Pour lui, il est évident que ces épidémies ont eu plus d'impact sur les pauvres dans certains pays. Au Vietnam, par exemple, les ménages les plus pauvres dépendent trois fois plus des revenus de volailles que les ménages les plus riches.

Au Vietnam la majeure partie des volailles provient des élevages d'arrière-cour (en plein air). M. Brahmbatt a confié qu'au cours des discussions sur les stratégies à mettre en œuvre dans la lutte contre la grippe aviaire, il a tout simplement été décidé d'interdire la production de volaille d'arrière-cour. Mais à l'analyse, cette décision risque de réduire les revenus des pauvres de manière tout à fait disproportionnée.

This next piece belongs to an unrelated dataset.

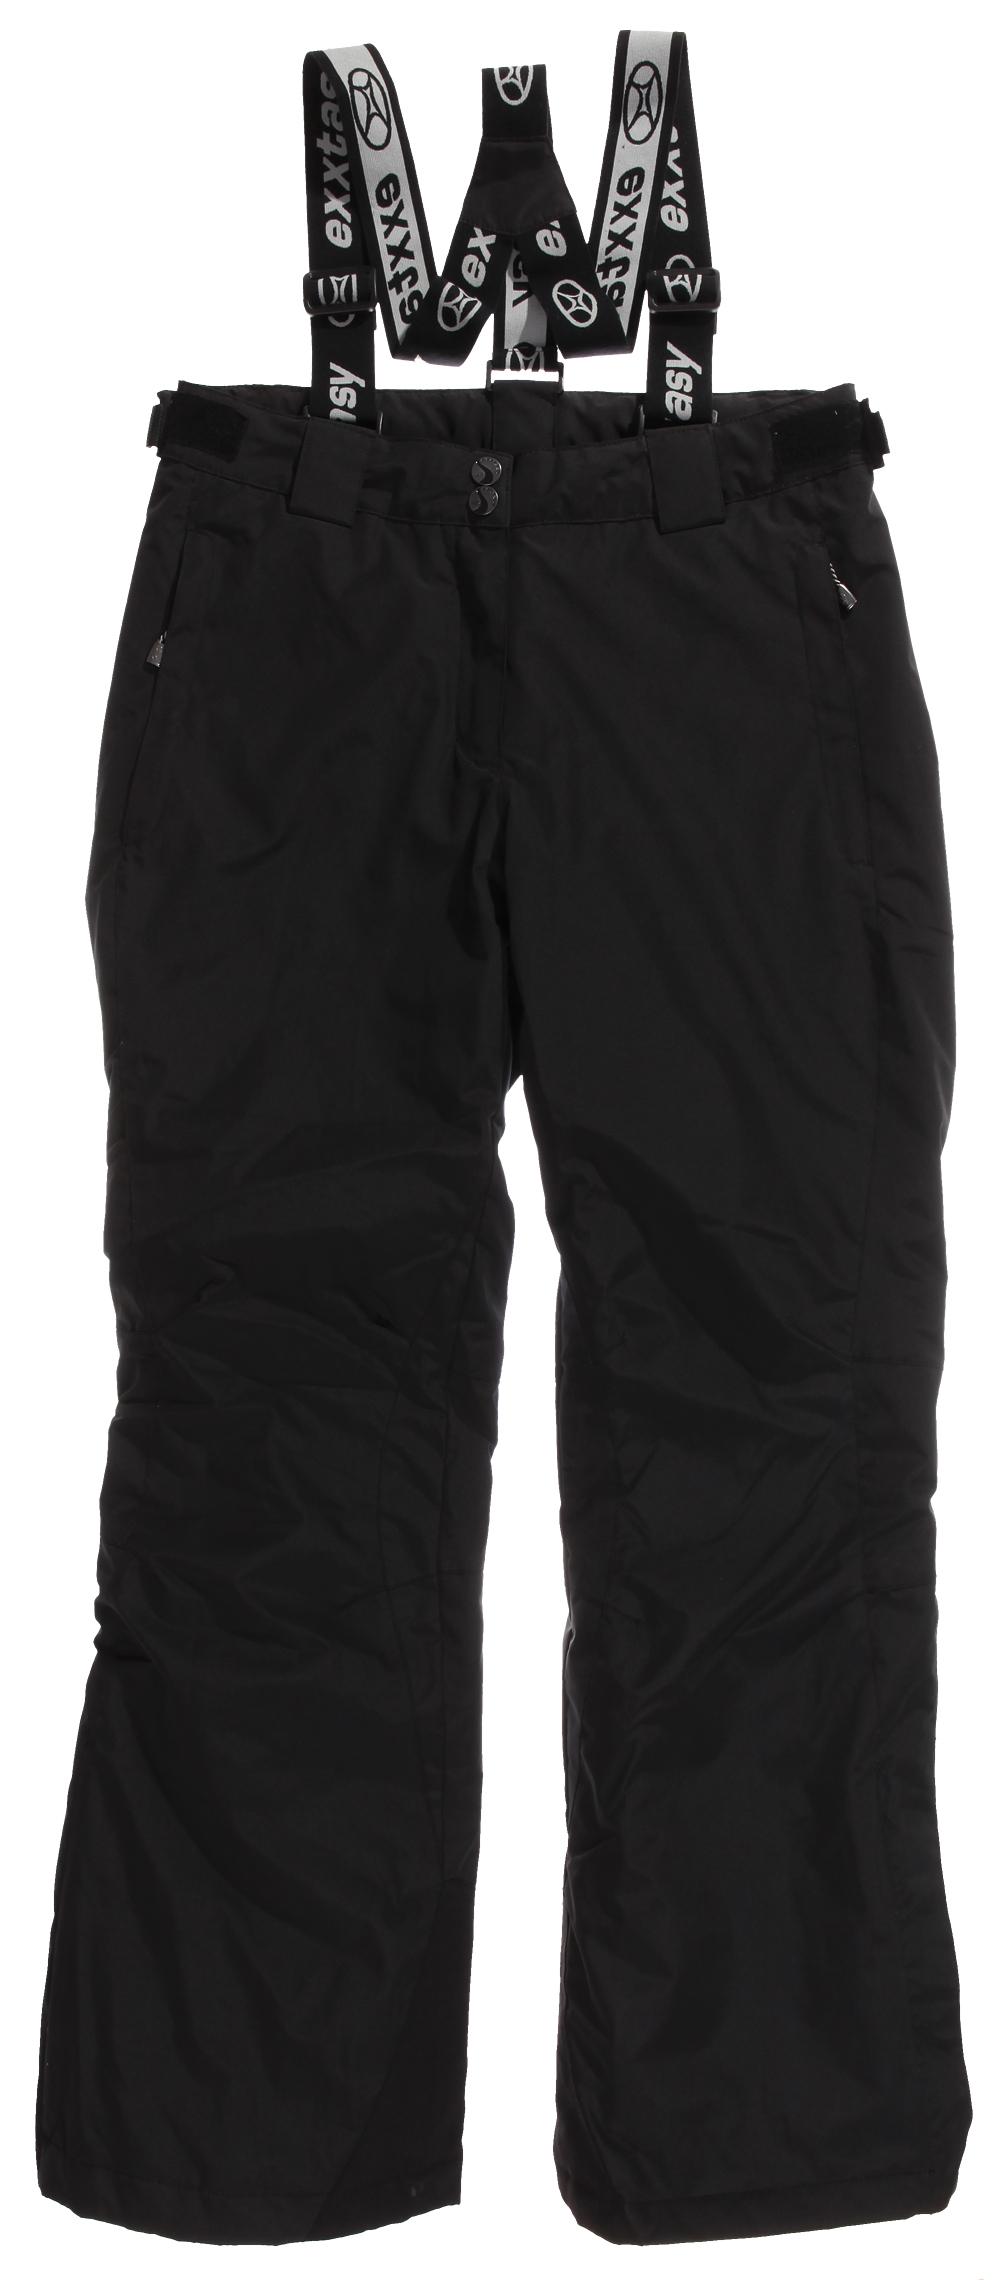 Lyžařské kalhoty pánské Exxtasy Tarare Velikost: 58

M. Brahmbatt pense que, dans la lutte contre la grippe aviaire, il est nécessaire de procéder à une évaluation minutieuse des résultats des différentes stratégies mises en œuvre actuellement, afin de voir si elles répondent aux attentes

Il cite entre autres stratégies de lutte contre la grippe aviaire, l'abattage et la vaccination de la volaille. «L'une des questions en rapport avec ses stratégies porte sur le niveau d'indemnisation des éleveurs, car un taux trop faible pourrait décourager les éleveurs qui seraient enclins à ne pas coopérer, tandis qu'une indemnisation trop élevée pourrait les encourager à ne pas prendre de mesures biosécuritaires appropriées pour leurs volailles».

M. Brahmbatt est d'avis qu'il faille prendre des mesures à long terme pour renforcer les capacités institutionnelles, réglementaires et techniques, tout en améliorant les systèmes de détection et de surveillance précoce en santé animale et humaine.

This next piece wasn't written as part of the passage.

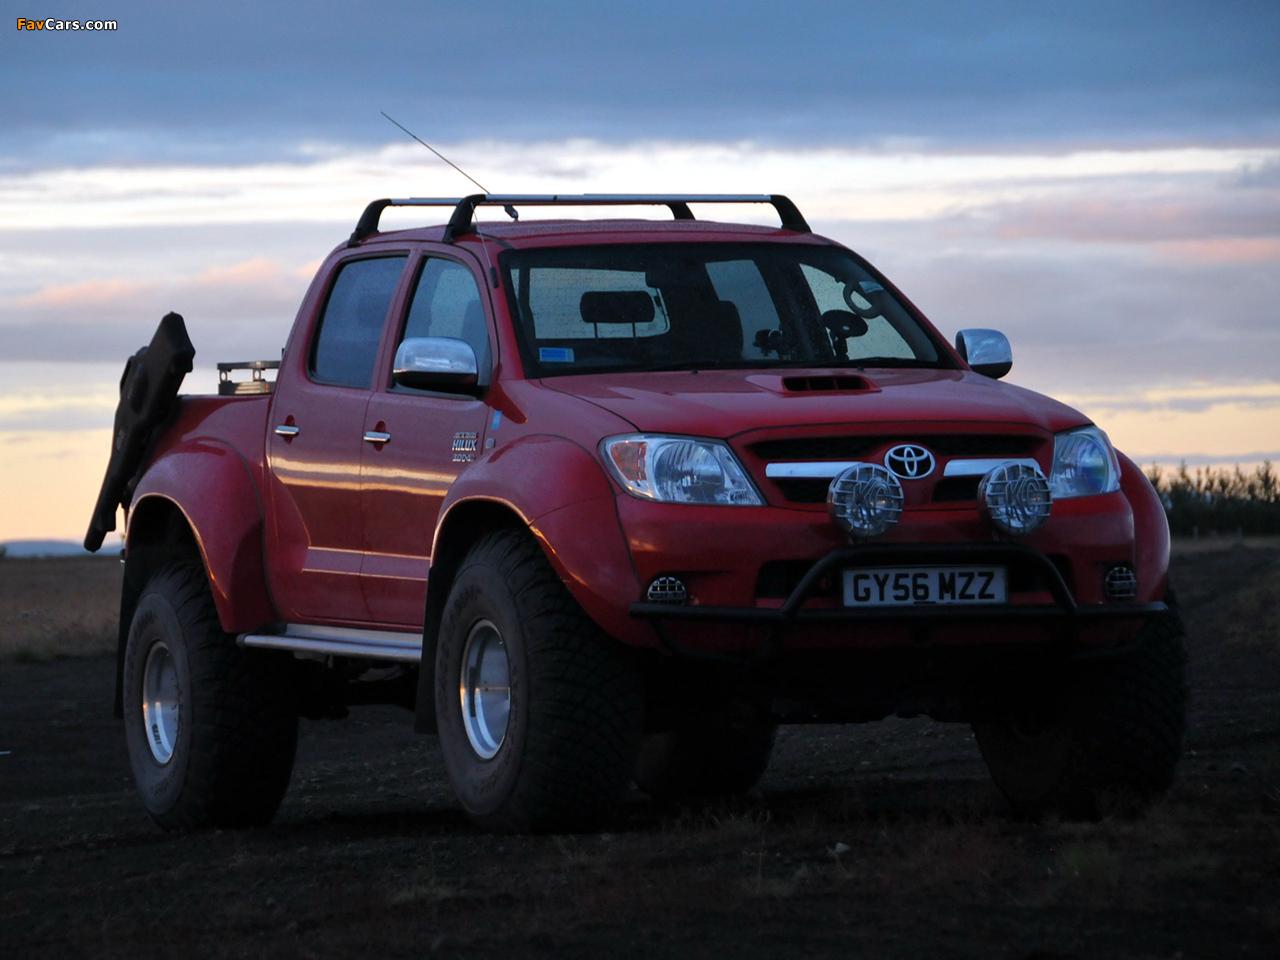 photos of arctic trucks toyota hilux invincible at38 2007. Black Bedroom Furniture Sets. Home Design Ideas

«Même si nous venons à bout de la grippe aviaire, il y a d'autres maladies animales qui franchissent la frontière animale pour infecter les humains. En termes techniques, on les appelle zoonoses. Elles sont nombreuses et apparaissent de plus en plus. C'est dire que nous aurons à les gérer pendant quelque temps, d'où la nécessité pour nous d'avoir des institutions et des méthodes appropriées pour juguler ce problème», prévient-il.

«Et pour finir, je dirais qu'il y a un grand travail scientifique à abattre pour trouver de meilleurs médicaments, de meilleurs vaccins, de meilleurs antiviraux- et, même, produire ces produits plus rapidement et de manière moins onéreuse», car, « C'est seulement lorsqu'une pandémie se déclare, que nous y prêtons attention et que nous commençons à chercher le vaccin approprié. Habituellement, il fallait six à huit mois pour formuler le bon vaccin. Pendant ce temps, plusieurs personnes y auront laissé la vie. Tout cela représente beaucoup d'efforts», conclut-il.